His agency’s report, “Combating Poverty in Oakland County” shows that poverty grew 77 percent during the Great Recession years of 2005-2012, resulting in more than 118,000 residents – 37,184 of them children – in Oakland County living at or below the federal poverty guideline.

Lighthouse opened a center in Pontiac 42 years ago to deliver services to urban residents. It wasn’t surprising that poverty there increased 49 percent during the recession years, social service providers said in announcing the findings in the report, but simultaneous 76 percent increase in suburban communities shows the “place” of poverty has changed and become more suburban.

Lighthouse is now serving clients from the majority of communities throughout the county's 908 square miles.  

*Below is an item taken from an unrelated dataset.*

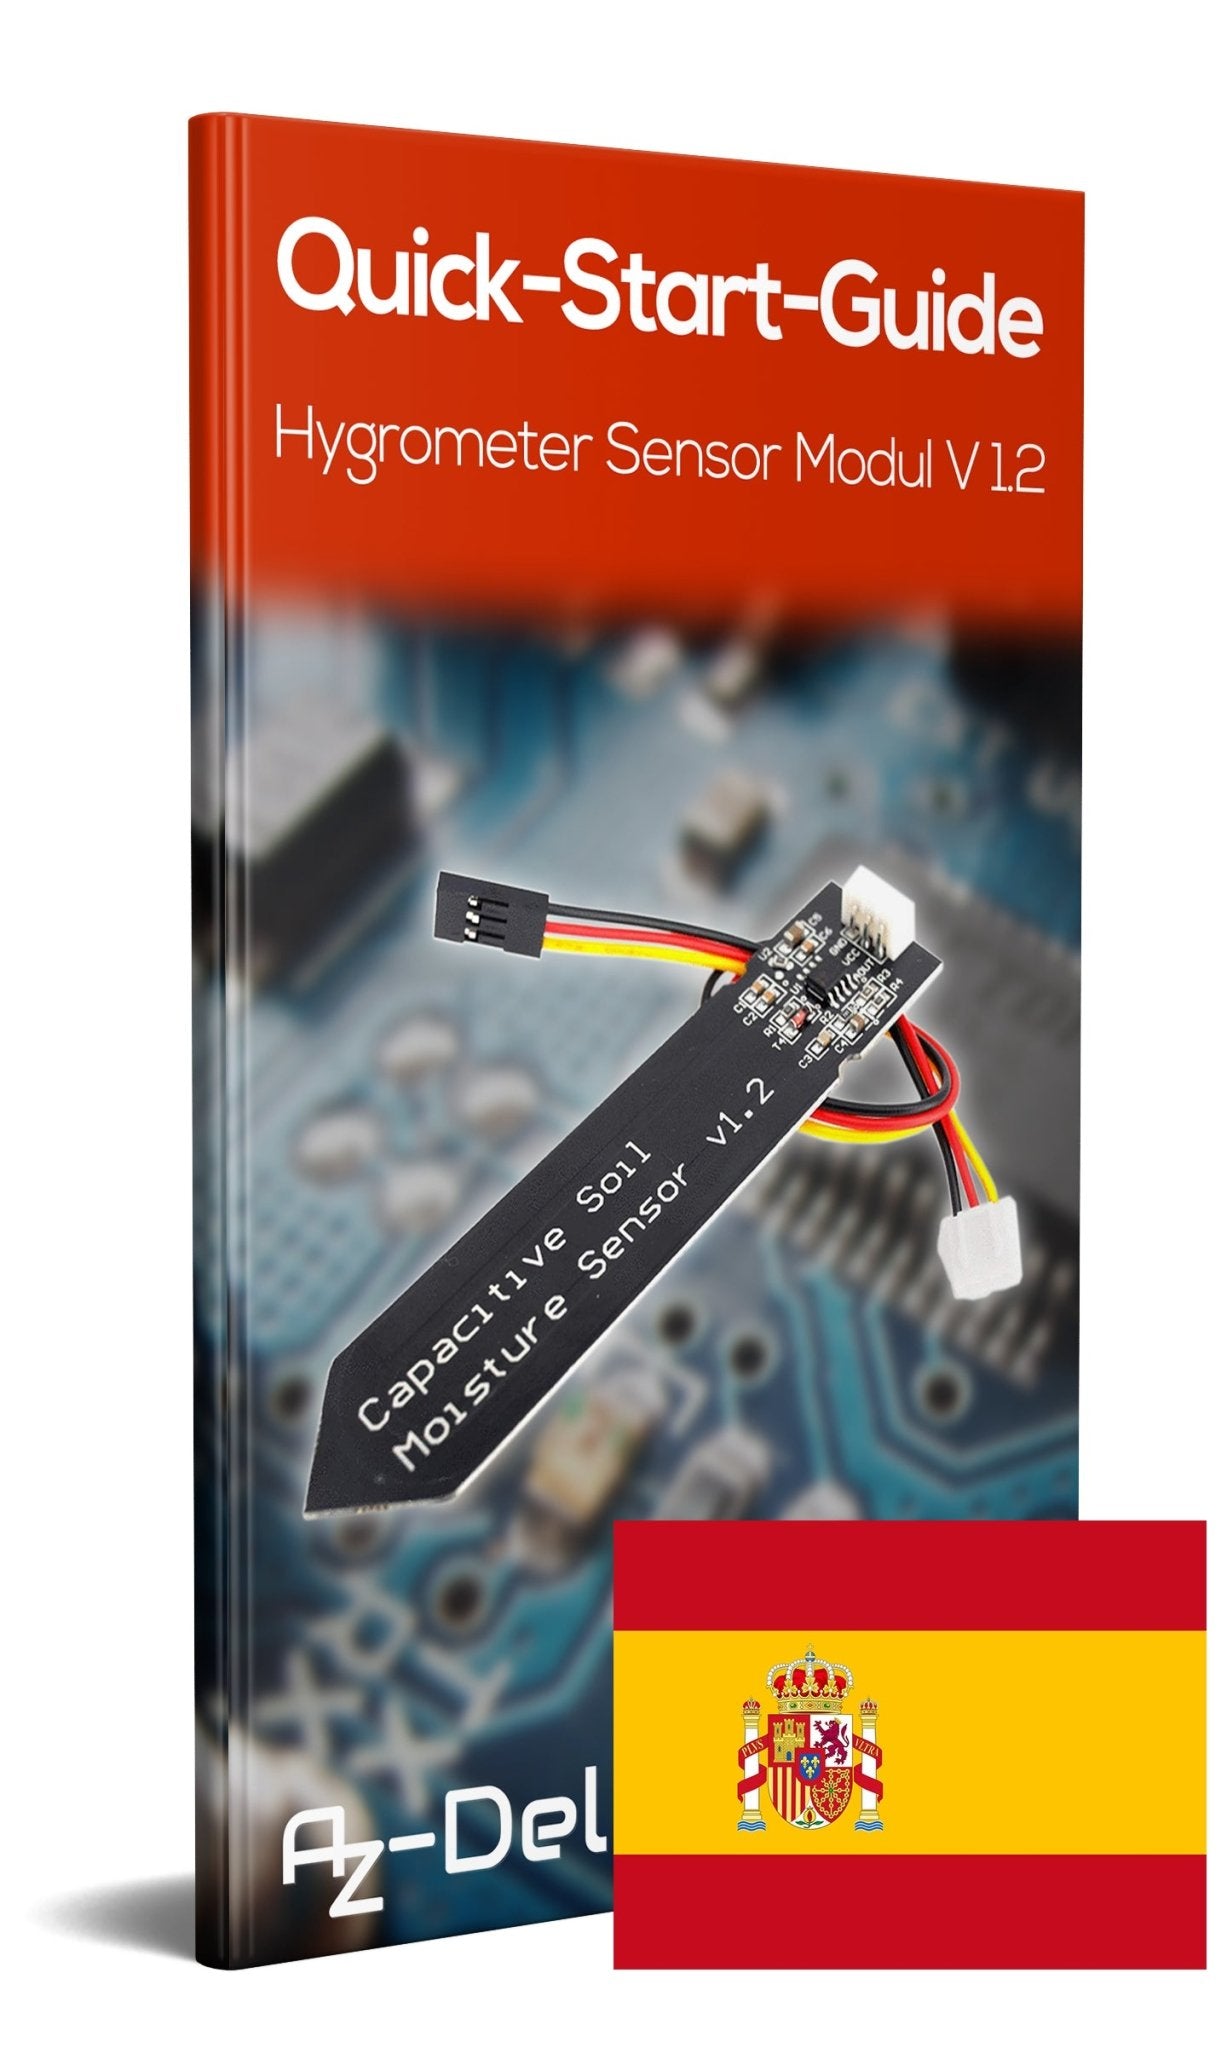 Bodenfeuchtesensor Hygrometer Modul V1.2 kapazitiv - AZ-Delivery

From 2009-2013, the number of clients served from communities in south and west Oakland County grew by 200 percent or more.  

Farmington, Novi, Clawson, Royal Oak, Madison Heights, Ferndale, Berkley, Southfield, Hazel Park, Franklin, Wixom and Walled Lake were among the suburbs with the fastest growing population of clients seeking Lighthouse services.  

The report mirrors a national trend of increasing suburban poverty documented in The Brookings Institution's report Confronting Suburban Poverty in America, published in 2013.

Gilda Jacobs, a former state senator from Huntington Woods and now president of the Michigan League for Public Policy, said during a news conference announcing the report that its findings are  mind-numbing” for affluent suburban residents who have been oblivious to poverty in their back yards, the Detroit Free Press reports.

Immediate steps that can be taken to help alleviate poverty include restoring the earned-income tax credit to assist the working poor who are under-employed and increasing the minimum wage, Jacobs said.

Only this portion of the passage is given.